Mark often had lunch with one of his platonic girlfriends, of whom I was insanely jealous but pretended not to be, desperate to come off as the “cool girl.” I mean, she ate lunch. Who eats lunch? They hung out and I pretended not to care. Long story longer, I ended up flying to New York to see him for the Christmas holiday. And by see him, I mean check up on and micromanage his behavior because I had old abandonment fear coming up and which made me unable to breathe. One day Mark was out working and I was left alone in his apartment. Now, let me just remind you about the mis-wired neural pathways I had back then before I admit the terrible decisions I made that night: I had seen adultery growing up, I was in the haze of my codependence and addictive behaviors, and I was also very, very hungry.
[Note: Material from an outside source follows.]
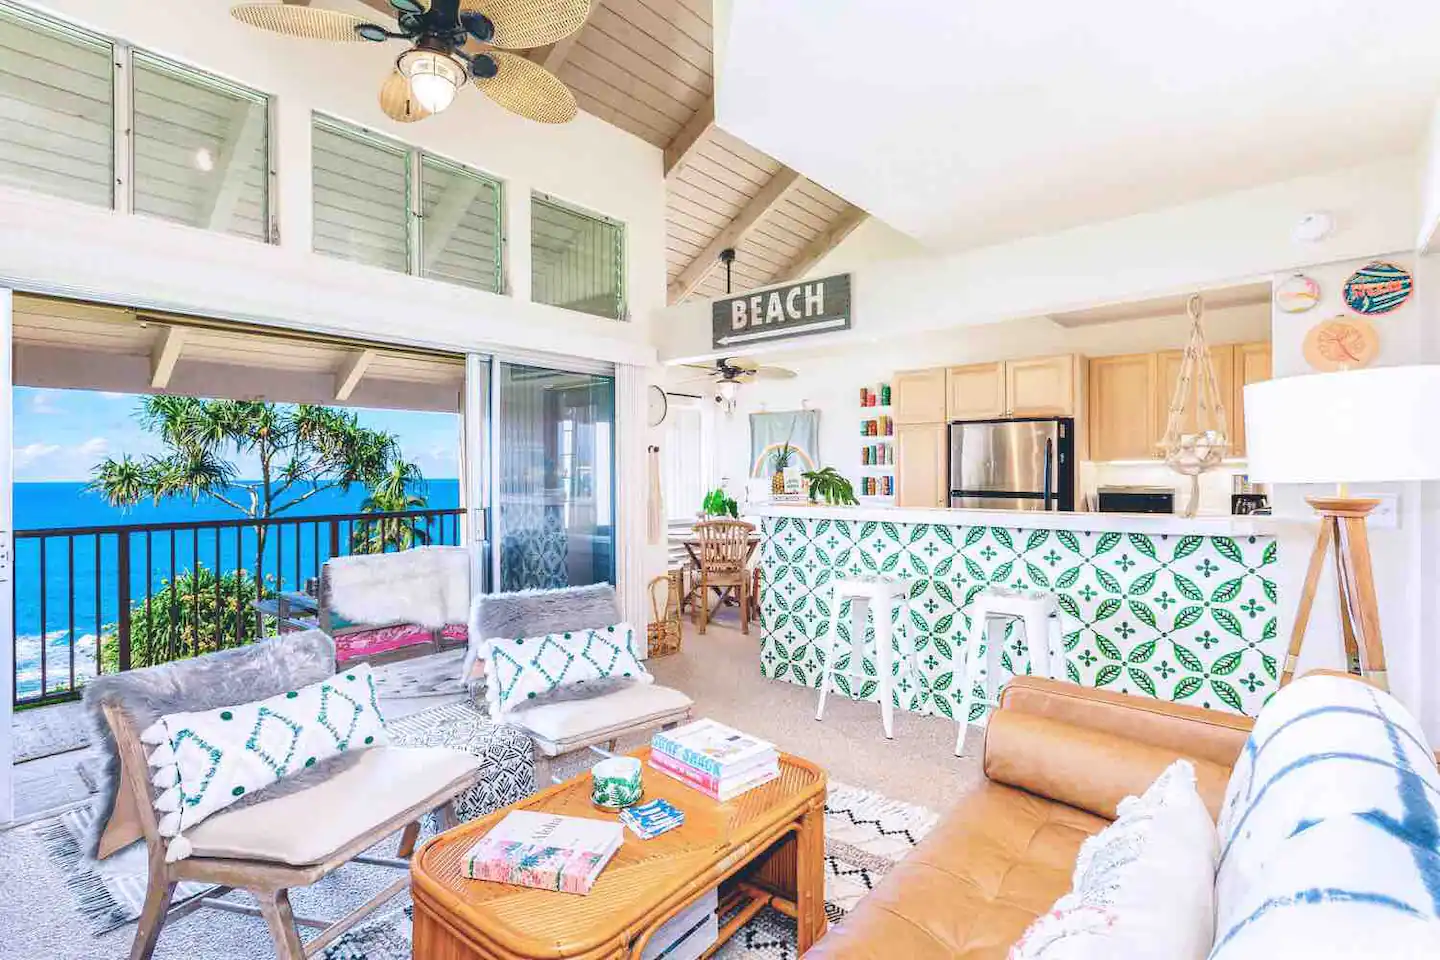 The Surf Shack, one of the best Airbnbs in Hawaii, pictured from the living room
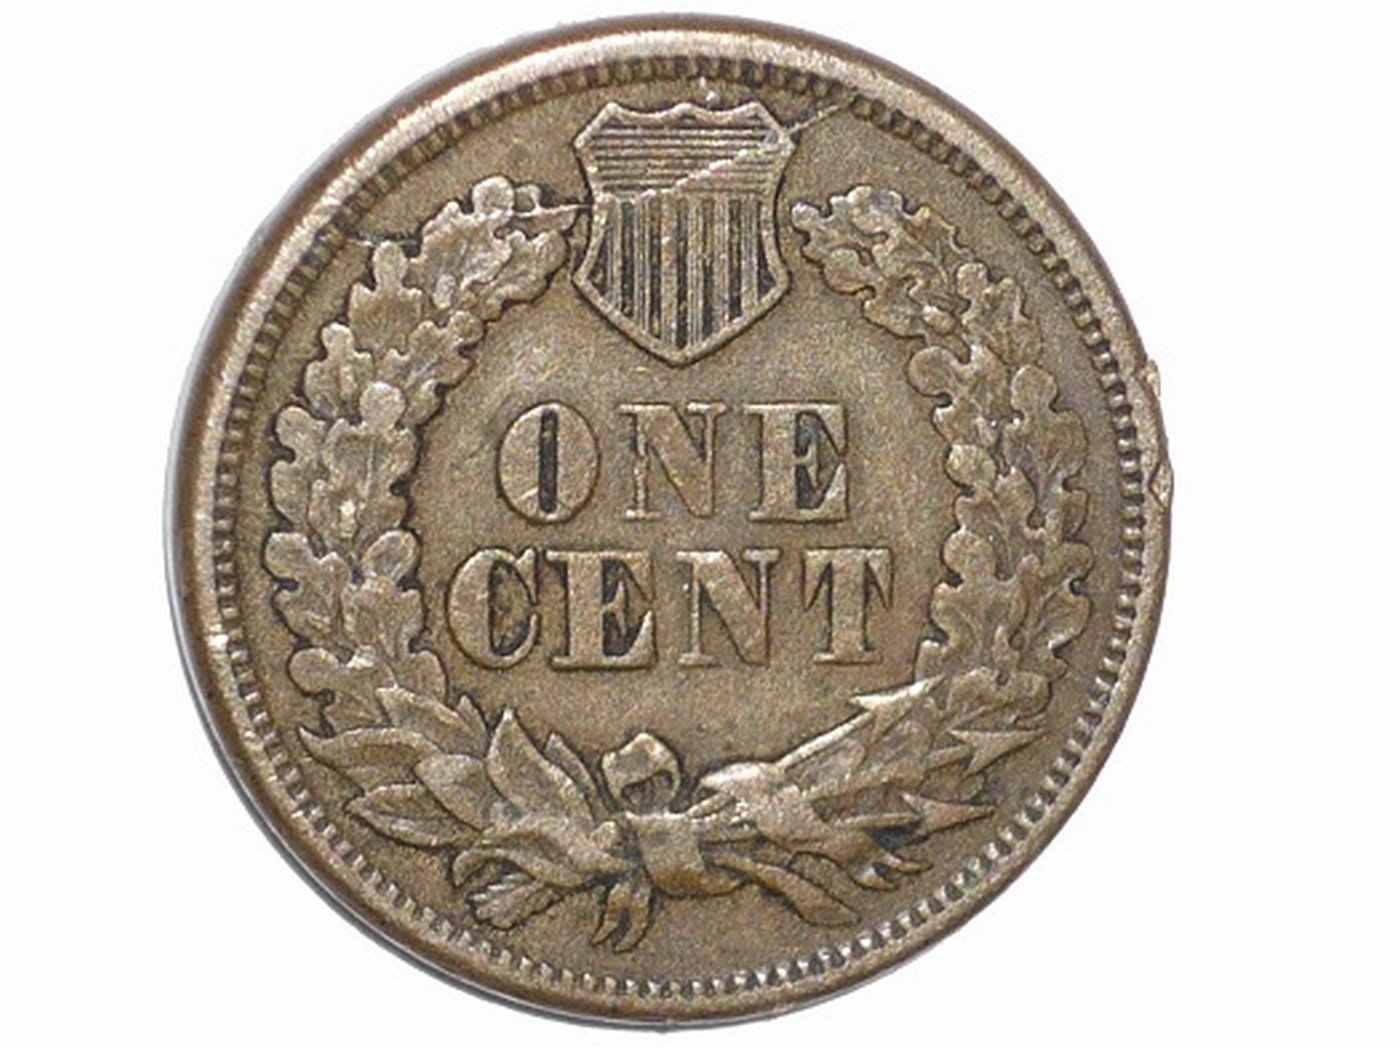 1863 CRK-003 - Indian Head Penny - Photo by David Poliquin

I would never do this today, but kids . . . I went through his computer. I managed to guess his password, which is shocking, given that today I forget my own password easily twice a week.
I found nothing. Mostly just trying-too-hard photos of me I had sent him in the hopes of making him think I didn’t try too hard. This was before I knew my angles and how to put makeup on, so the photos looked more like I had been taken hostage by a high school yearbook photographer. After sleuthing for a while, I was ready to give up on finding something incriminating that would give me a hit of my beloved drug, adrenaline, until I had the very insane but also straight-up brilliant idea to go into his trash folder. I know, I’m a sick, sick genius. When I opened it, a cornucopia of photos of breasts appeared before me as if a pimp had made a PowerPoint presentation. This trash folder had almost as many boobs as the Instagram “discover” page. My heart sank. So did my stomach and lungs and liver and uterus. This is of course a rough situation for any girl, but I think my body took it as an opportunity to release a bunch of old repressed pain I had never processed, so the floodgates of emotion opened with a bang. As I cried, I felt a deep pain in my bones, like twenty ghosts were beating me up.